Low German, also known as Low Saxon, used to be the Lingua franca during the late Hohenstaufen till the mid-15th century periods (Middle Low German), in the North Sea and the Baltic Sea when extensive trading was done by the Hanseatic League along the Baltic and North Seas.

Classical Quechua is either of two historical forms of Quechua, the exact relationship and degree of closeness between which is controversial, and which have sometimes been identified with each other. These are:

1. the variety of Quechua that was used as a lingua franca and administrative language in the Inca Empire (1438–1533) (or Inca lingua franca). Since the Incas did not have writing, the evidence about the characteristics of this variety is scant and they have been a subject of significant disagreements.
2. the variety of Quechua that was used in writing for religious and administrative purposes in the Andean territories of the Spanish Empire, mostly in the late 16th century and the first half of the 17th century and has sometimes been referred to, both historically and in academia, as lengua general ('common language') (or Standard Colonial Quechua).
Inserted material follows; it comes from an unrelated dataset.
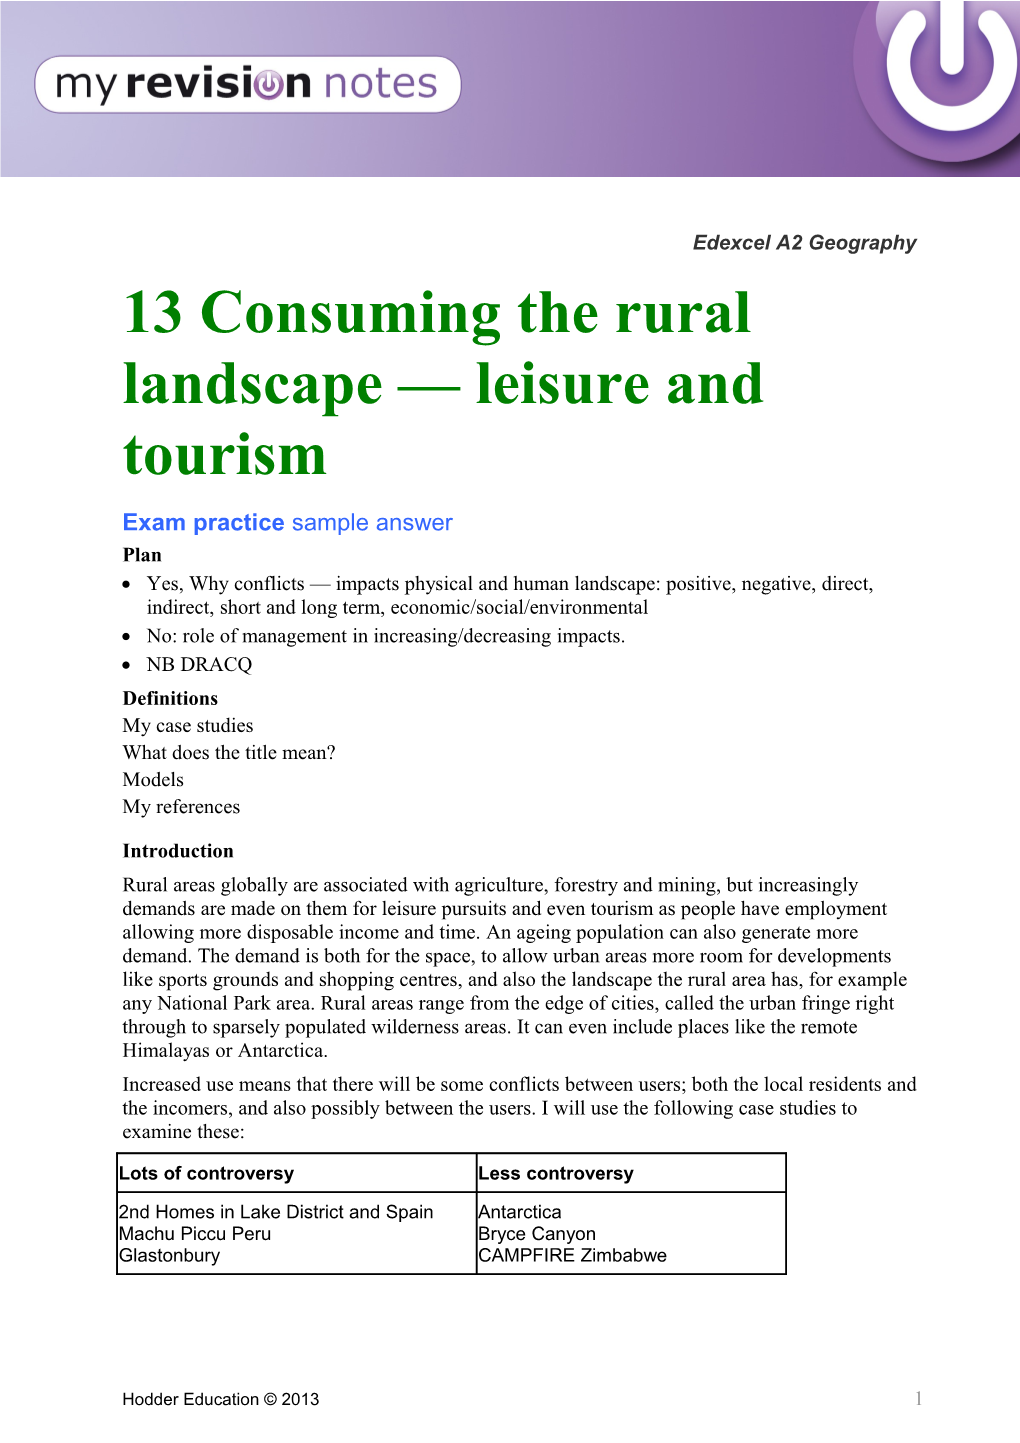 13 Consuming the Rural Landscape Leisure and Tourism

Ajem-Turkic functioned as lingua franca in the Caucasus region and in southeastern Dagestan, and was widely spoken at the court and in the army of Safavid Iran.

===Modern===

====English====

English language distribution

English is sometimes described as the foremost global lingua franca, being used as a working language by individuals of diverse linguistic and cultural backgrounds in a variety of fields and international organizations to communicate with one another. English is the most spoken language in the world, primarily due to the historical global influence of the British Empire and the United States. It is a co-official language of the United Nations and many other international and regional organizations and has also become the de facto language of diplomacy, science, international trade, tourism, aviation, entertainment and the Internet.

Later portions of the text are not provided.